Personal information
- Born: October 21, 1880 Georgia, U.S.
- Died: December 12, 1942 (aged 62) Douglas, Georgia, U.S.

Career information
- College: Georgia Tech (1902–1903)

Awards and highlights
- 1st All-Southern at Georgia Tech; All-Southern (1902); Tech Athletics Hall of Fame;

= Jesse Thrash =

American football player and engineer (1880–1942)

Jesse Little Thrash (October 21, 1880 - December 12, 1942) was a college football player and engineer.

==Georgia Tech==
Thrash was a prominent tackle for the Georgia Tech Yellow Jackets football teams of the Georgia Institute of Technology.

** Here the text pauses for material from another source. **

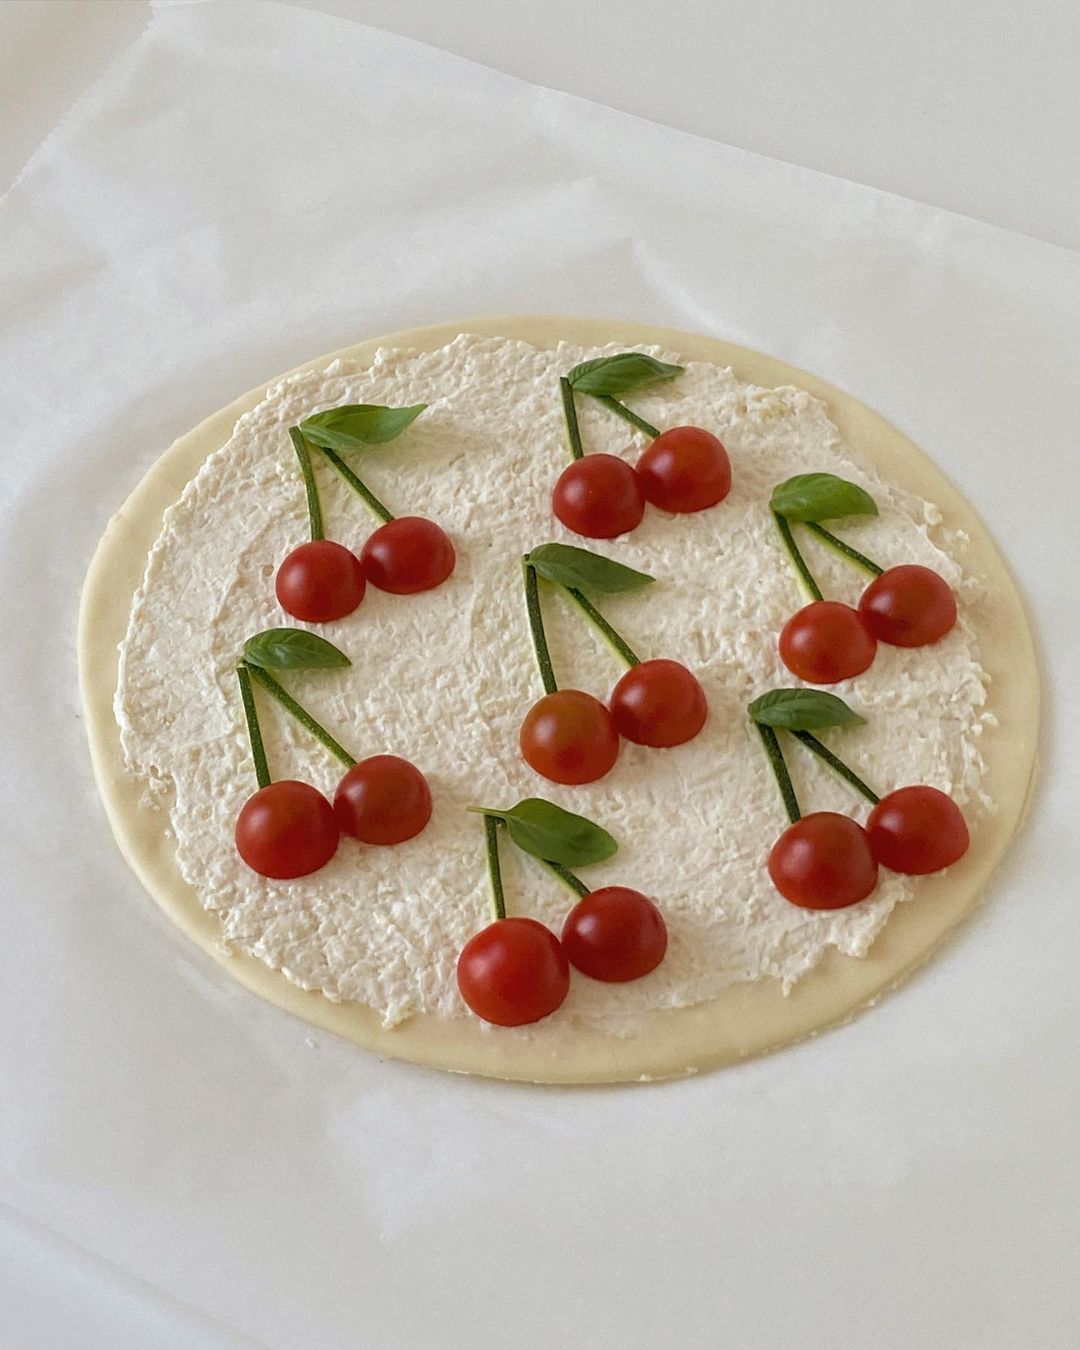 From Instagram | In the Kitchen: Whimsical Food Art & More by Celine @celineyrs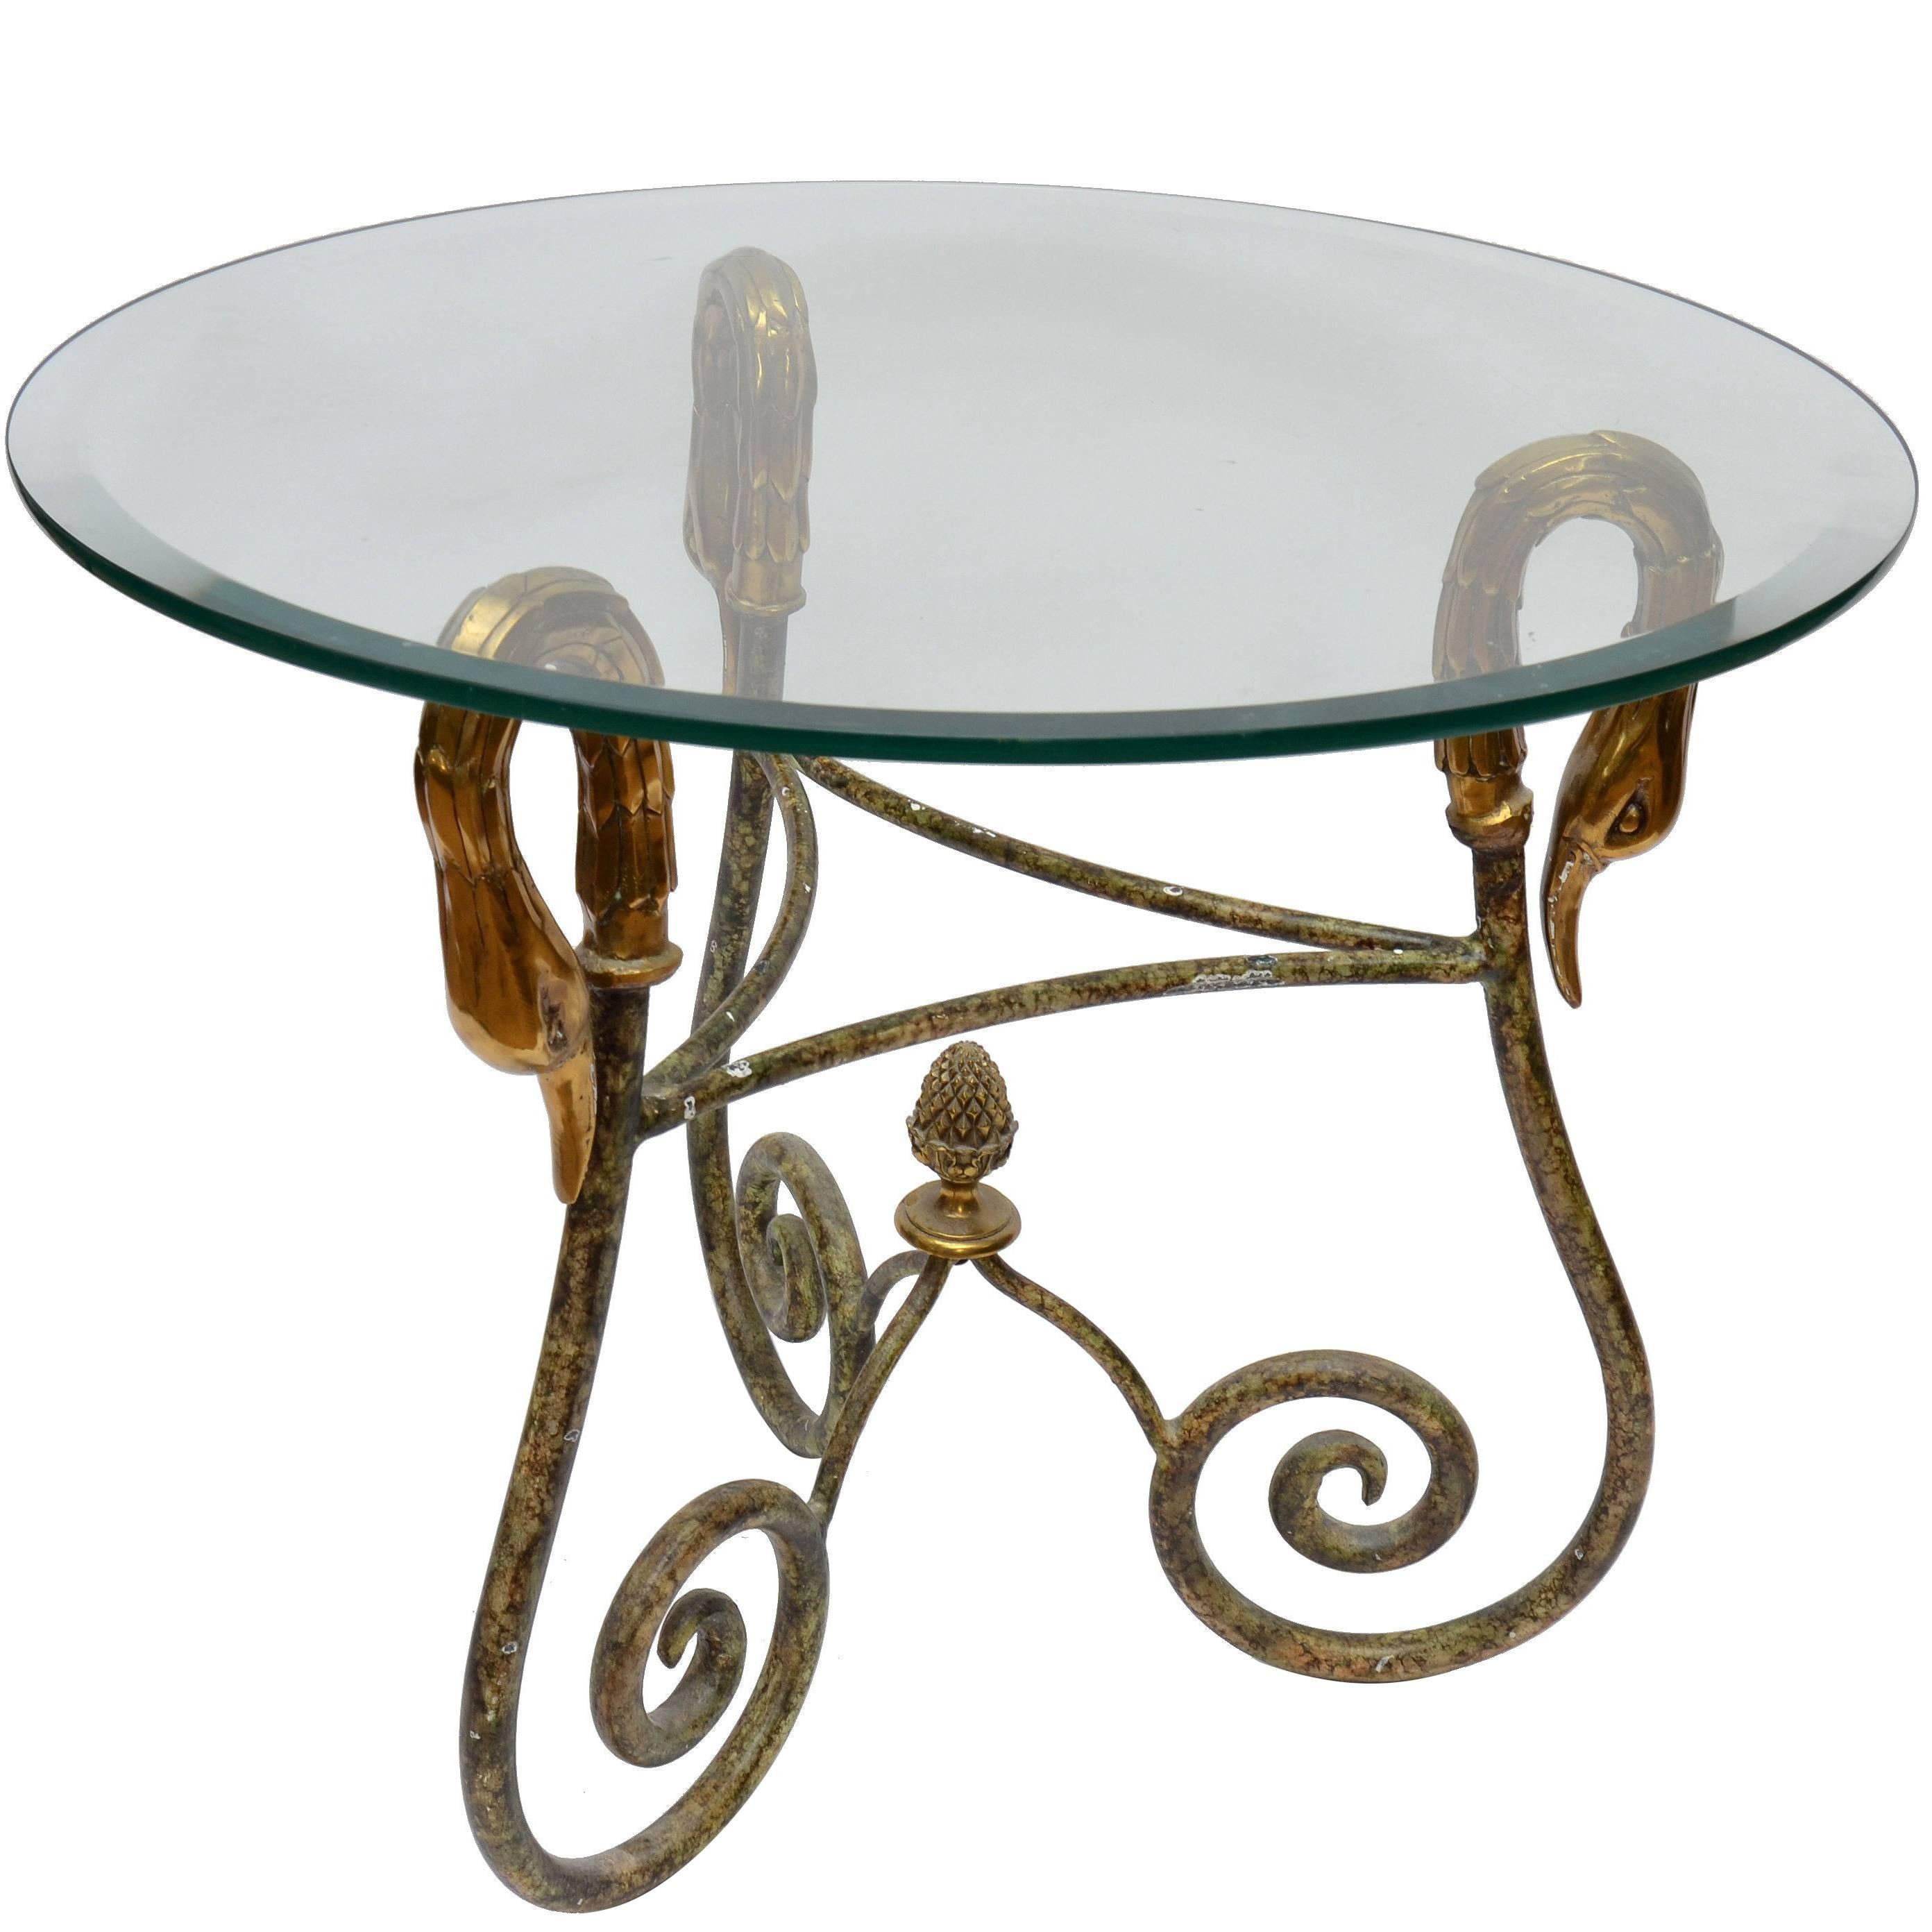 Hollywood Regency Wrought Iron Side Table from Italy with Brass Swan Heads 1950 For Sale

He was inducted into the Georgia Tech Athletics Hall of Fame posthumously in 1962.

===1902===
He was selected All-Southern in 1902, listed by various sources as Tech's first ever All-Southern football player. Despite Tech losing every game, he began the season as a sub and closed it as the undisputed star of the Tech team.

===1903===
Thrash was captain of the 1903 team.

==Personal life==
Jesse's sons Kenneth Thrash and William G. Thrash also played football for Tech. His great niece Maria Thrash is a swimming coach, coaching the Tech swimming teams in 2003.